Larry Page & Sergey Brin
That's $95 billion with a B!

But even that pales in comparison to Google. Its $95 billion market capitalization puts it $14 billion ahead of Time-Warner, its nearest media rival. Practically every penny Google earns comes from search advertising, and it is growing by the day. Most forecasters say search-advertising revenue will overtake display ad revenue within three years. Google’s 3rd quarter gross revenue reached $1.58 billion.

And as Google continues to roll out new products that really capture the attention of web users, and therefore even more pages on which to spread its search ads, there is no sign of any slowdown whatsoever. Google says that every day more and more big companies are coming on board the search advertising train, often at the expense of their newspapers and broadcast spend.
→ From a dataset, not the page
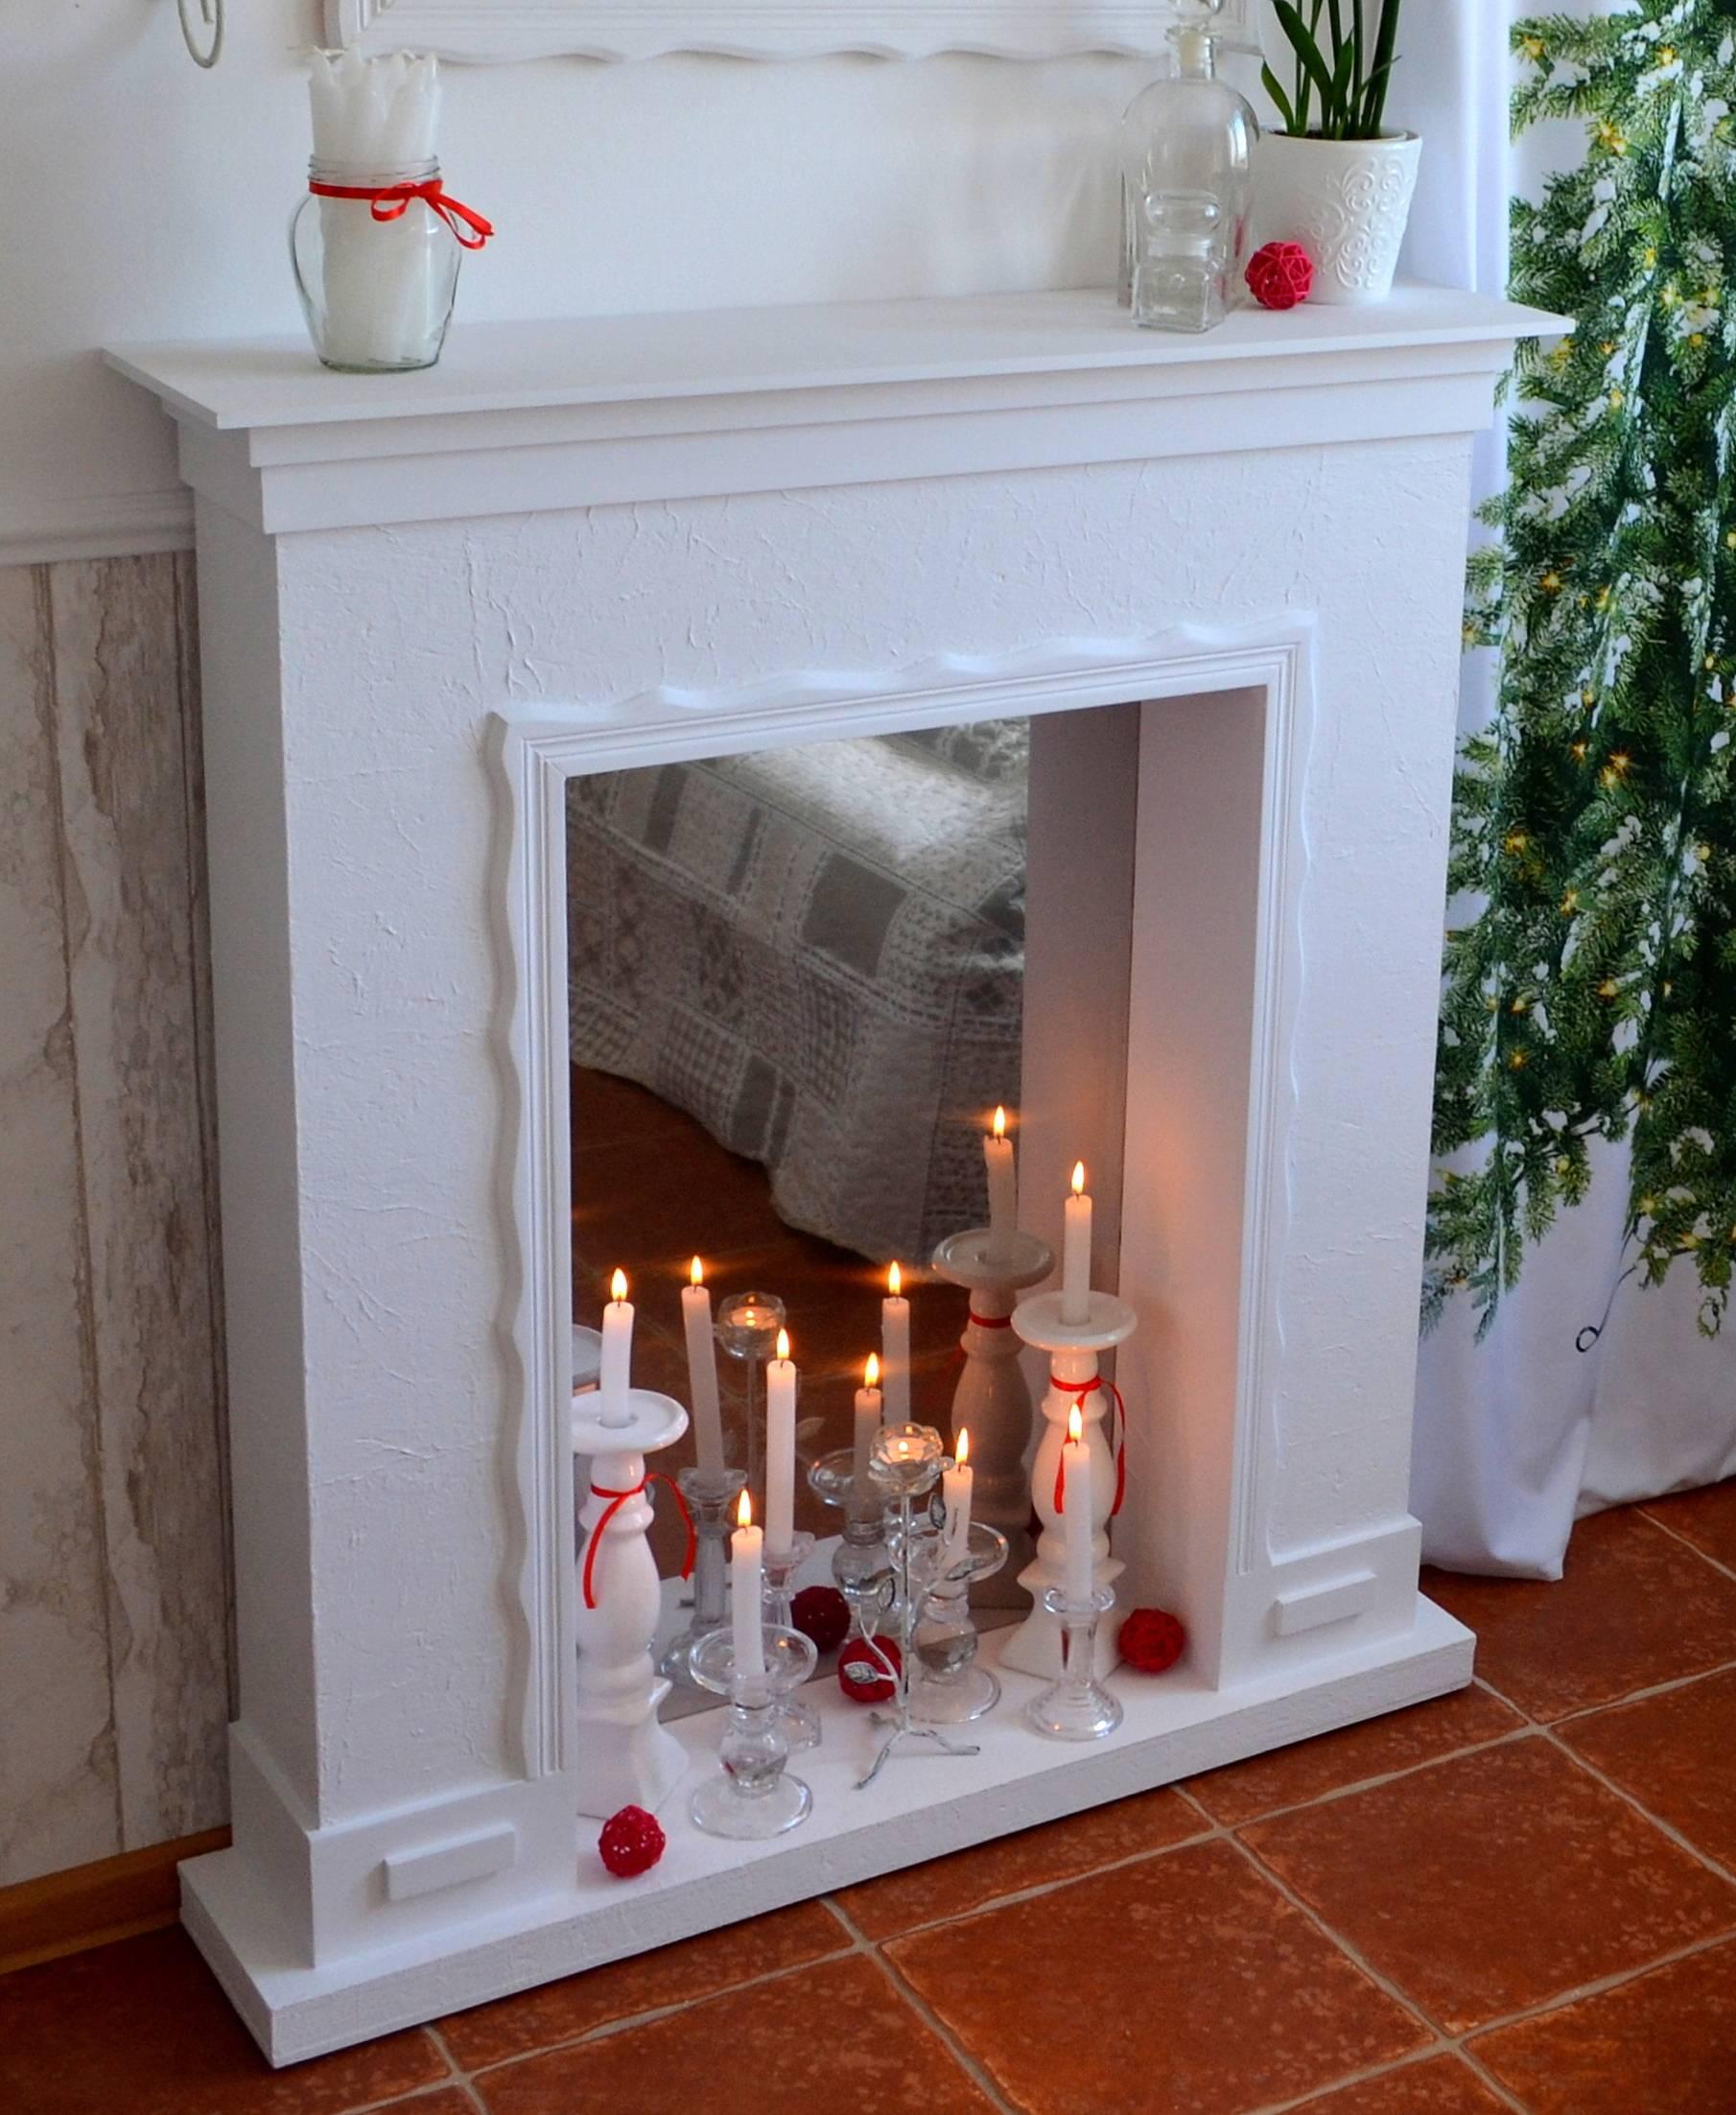 Декор камина: 115 фото простых вариантов и способов красивого оформления камина

In the US, Google now handles 45% of web user queries, compared to 23% for Yahoo, according to Nielsen/NetRatings.

Its share price has jumped 340% from its public offering 14 months ago, closing at an all-time high on Friday of $339.90. Various forecasters are looking for it to shoot through $400 perhaps by the end of the year if there is a general NASDAQ tech rally.

On the other hand one would be hard-pressed to find a Wall Street analyst promoting a traditional media share. While many are very near their 52-week lows, the general feeling is there are further falls ahead.
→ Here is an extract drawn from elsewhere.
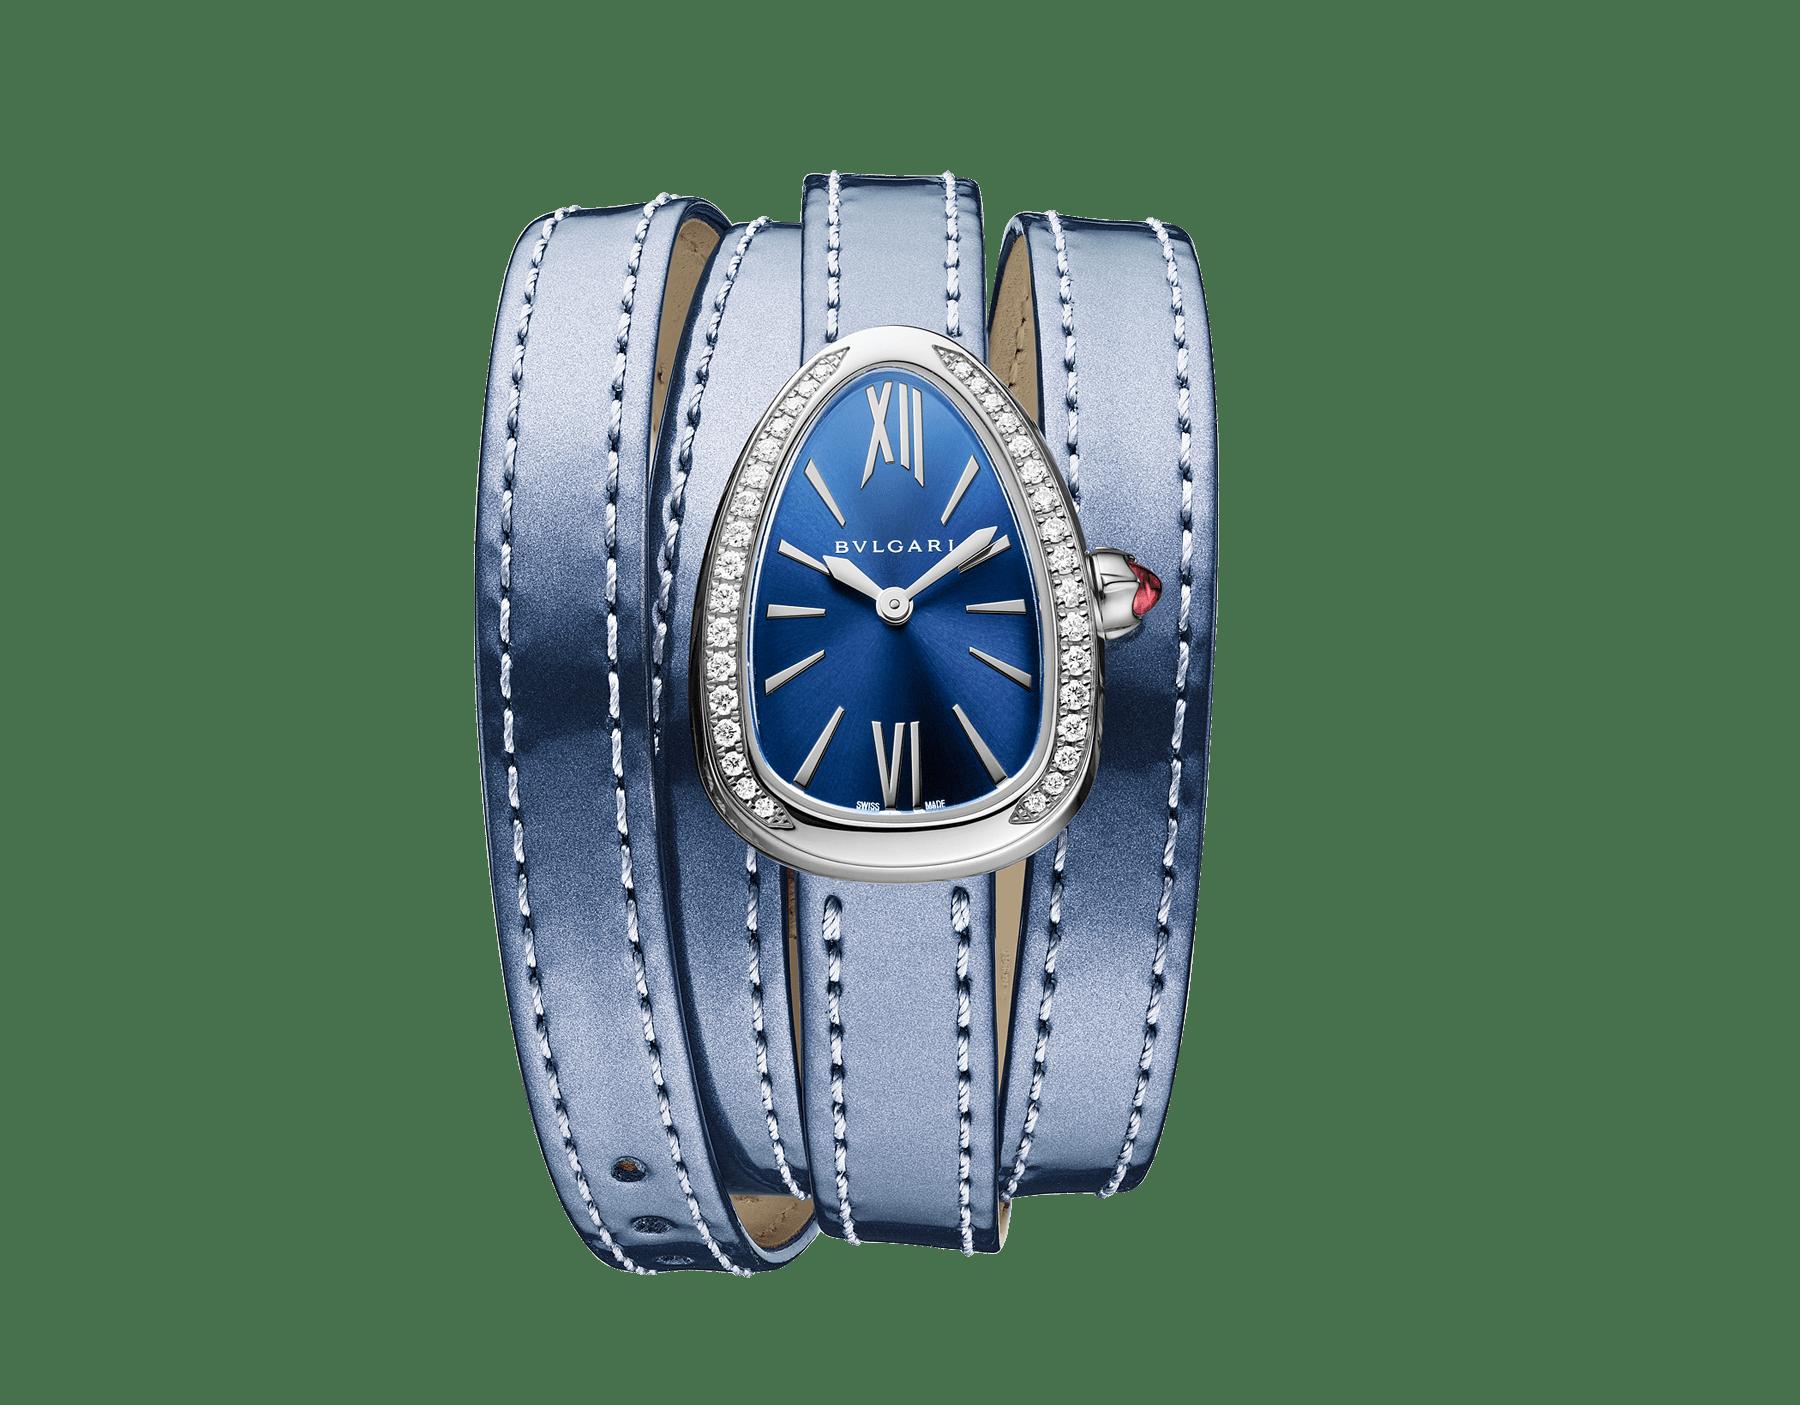 Montre Serpenti avec boîtier en acier inoxydable serti de diamants, cadran laqué bleu et bracelet quadruple spirale interchangeable en cuir de veau aspect métal brossé couleur indigo topaze. 102967 image 1

Google and Yahoo between them are forecast to earn $6.7 billion in 2005, representing 52% of all US Online spending, according to eMarketeer.
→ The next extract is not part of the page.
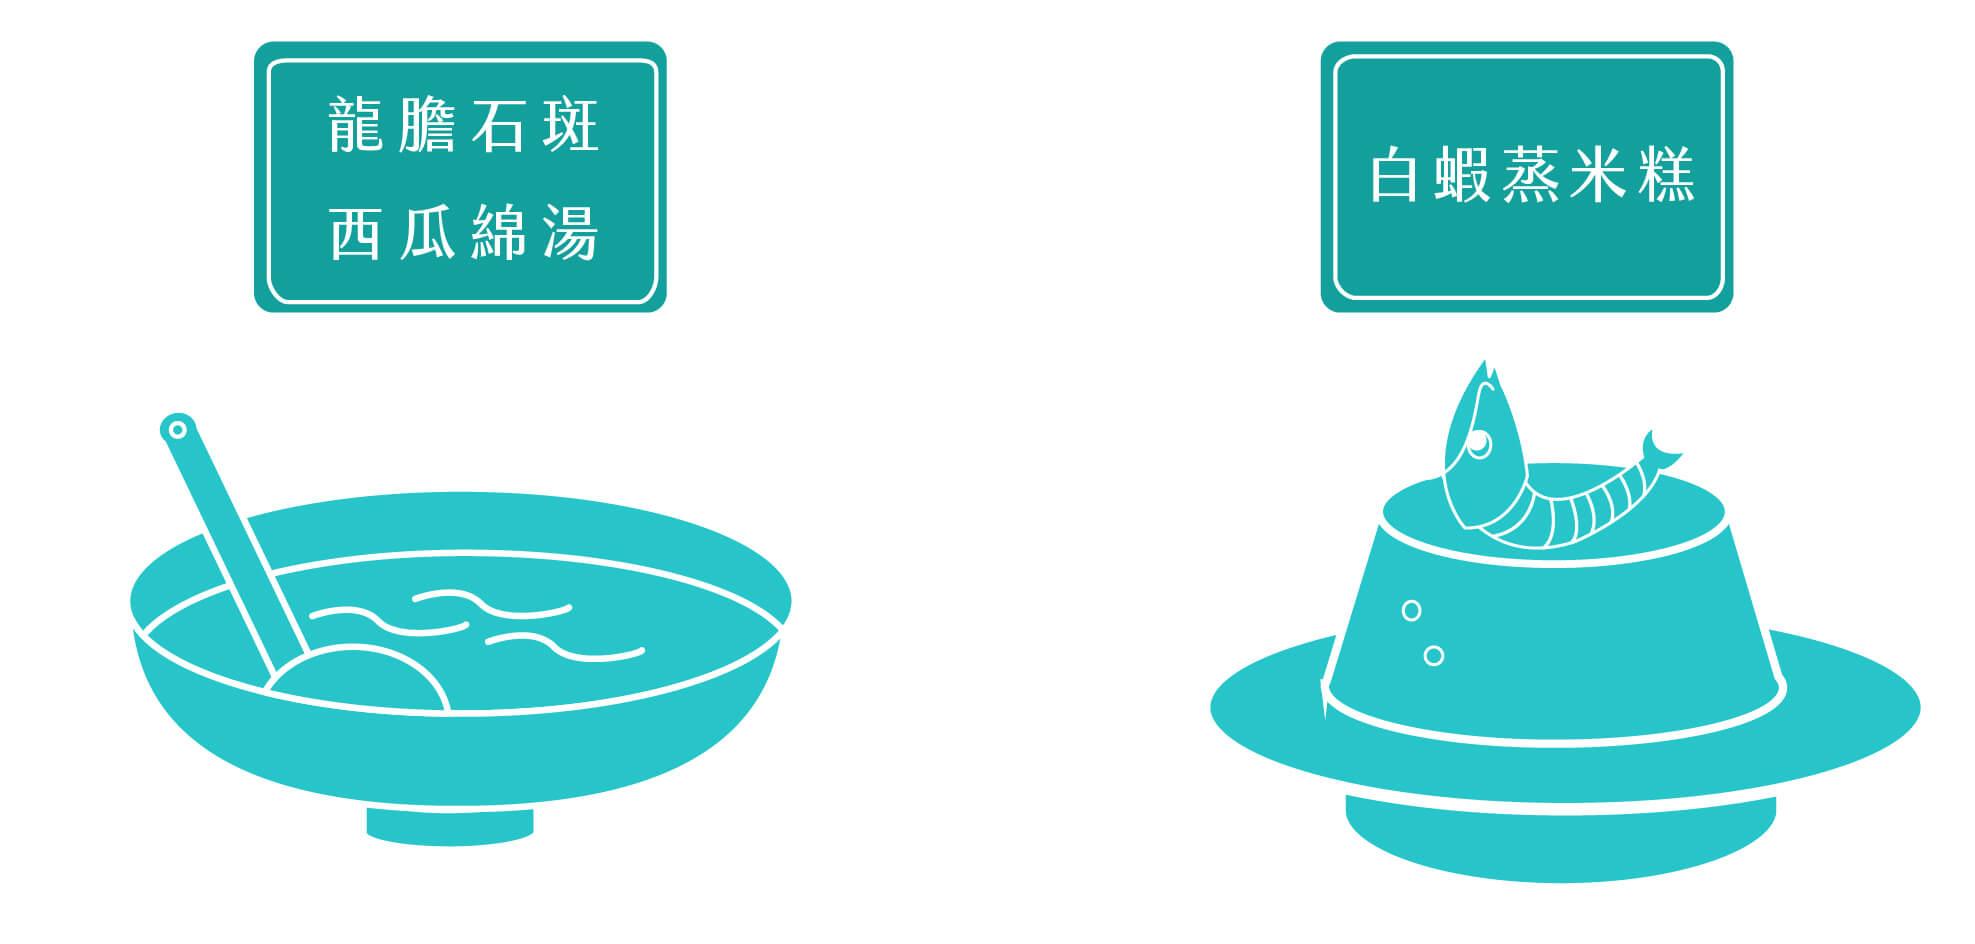 2018台南美食節活動春季 - 61-妳好南搞

Internet advertising is appealing because not only can specific types of customers be targeted, but also there are tracking services to check if people are actually viewing the ads. With newspapers there is circulation (mostly in decline) and some demographics on the newspaper’s readership, but apart from that there no real way of telling how many people actually see and, more importantly act on the ad. It make Internet advertising a hard act to beat.

Is there any solace at all for US print publishers looking solely at the print business? There might be if they notice that in Q3 the three free US Metro newspapers still operated at a loss. The bad news for paid-circulation newspapers, however, is that even Metro’s revenues leaped 32% to $2.6 million, the best quarterly performance in a year.

And for the New York Times Company that owns 49% of Metro Boston there is even better good news – that newspaper in September reported record monthly sales and operating profits.

In this environment, if you can’t beat them, join them!